History of Sharpening
A "sharpening culture" has existed in Japan since ancient times. The presence of the Wabocho Japanese knives became known because of their role in the preparation of sophisticated traditional Japanese cuisine while planes (tool for shaping wood) and chisels made their mark for their role in the construction of world-renowned cultural heritage buildings and so on. On top of that, the Japanese sword, which is a part of Japan’s traditional culture, has survived as a work of art, and the natural whetstone is integral to its shine and polish. In recent years, people have been switching to artificial whetstones but due to obvious differences in sharpness and finish, natural whetstones remain a firm favorite.
History of Whetstones
Whetstones have been used since days of old and can be traced back to the time when they were used to make polished stoneware. They were discovered in ruins of various eras from the Neolithic era onwards and can be said to be one of the earliest tools in history. From the ruins excavation sites, many rocks thought to have been used for polishing purposes were excavated and it is believed that their value as a commodity was recognized so much so that they were circulated as whetstones. Japan, possessing whetstones of excellent quality, developed advanced sharpening techniques which in turn made the production of blades of high hardness value possible. These developments then supported the evolution of the Japanese katana.
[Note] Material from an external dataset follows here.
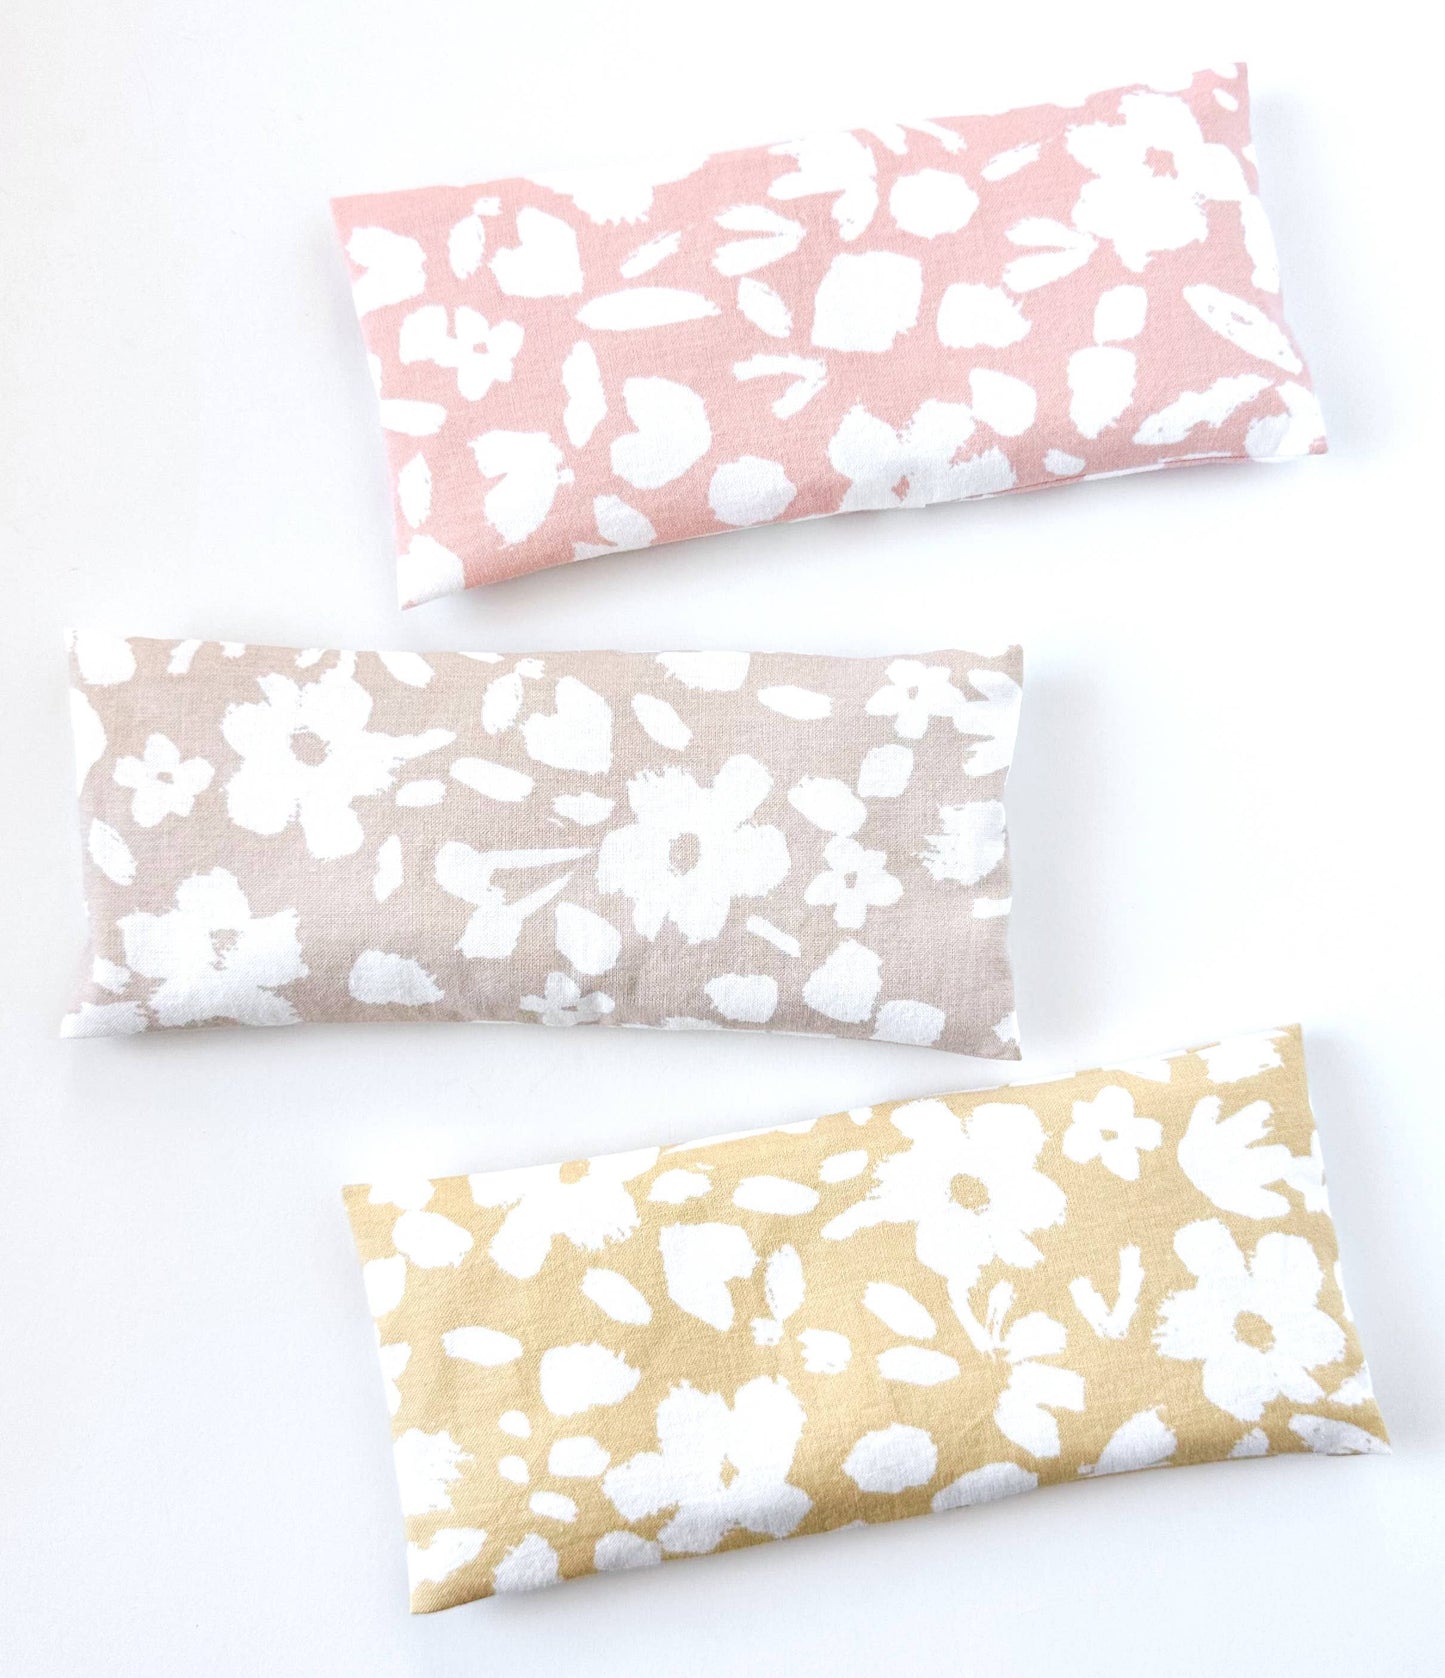 Organic Lavender Eye Pillow - Painted Flowers: Birch Core Laska Collection
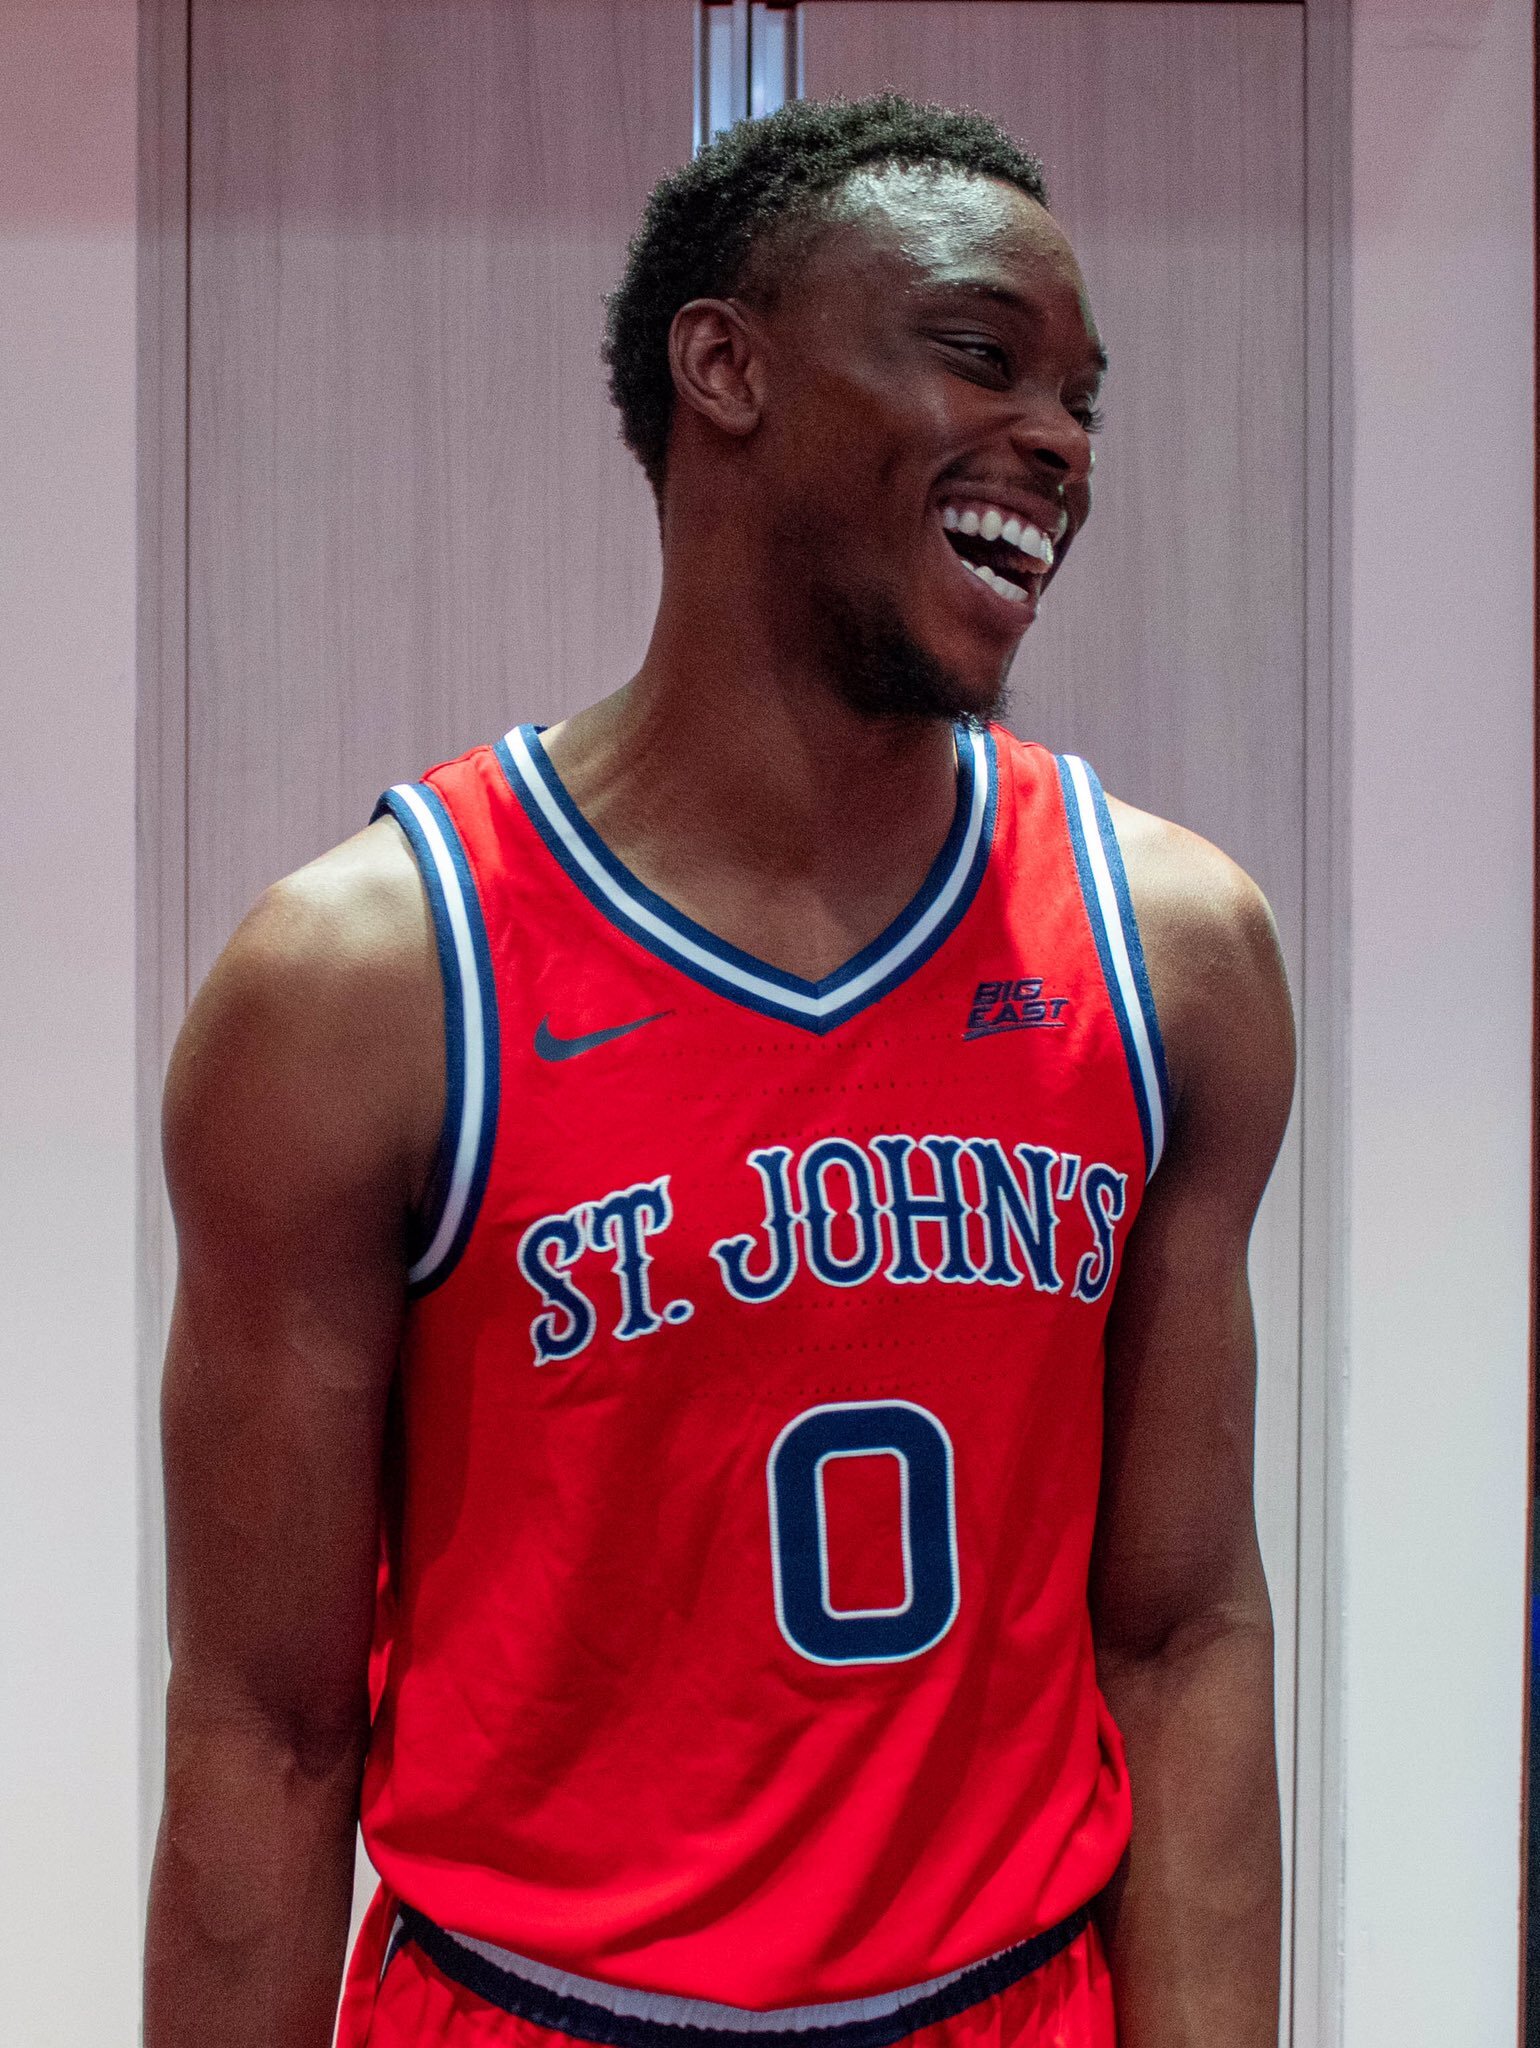 New St. John's Basketball Uniform

History of Japanese Kitchen Knives
Between the mid-7th century and the mid-16th century, Japanese-sword type (entirely steel knives and single sided edge knives) knives were used and mainly for preparing fish. Also, around the mid-16th century, knives with a rounded point and body were thought to be used for cutting vegetables. After the Genroku era, kitchen knives with chins became mainstream and following that, in the Bunka and Bunsei era, nakiri, usuba and deba knife types came into the picture. After that came the yanigaba knife and unagisaki knife. The shape of the present Wabocho (Japanese kitchen knife) was established in the early to mid-18th century. During the Meiji era, Western style knives were brought into Japan and they were generally referred to as “gyu-to bocho (yo-to bocho)”. Entering the Showa era, the good qualities of Western knives and Japanese knives were brought together in the form of the “bunka bocho (katana style knives)” and then from there, the “santoku bocho”, a knife that is rounded off at the tip, was born. In present time, the latter is the most commonly used knife in the Japanese household.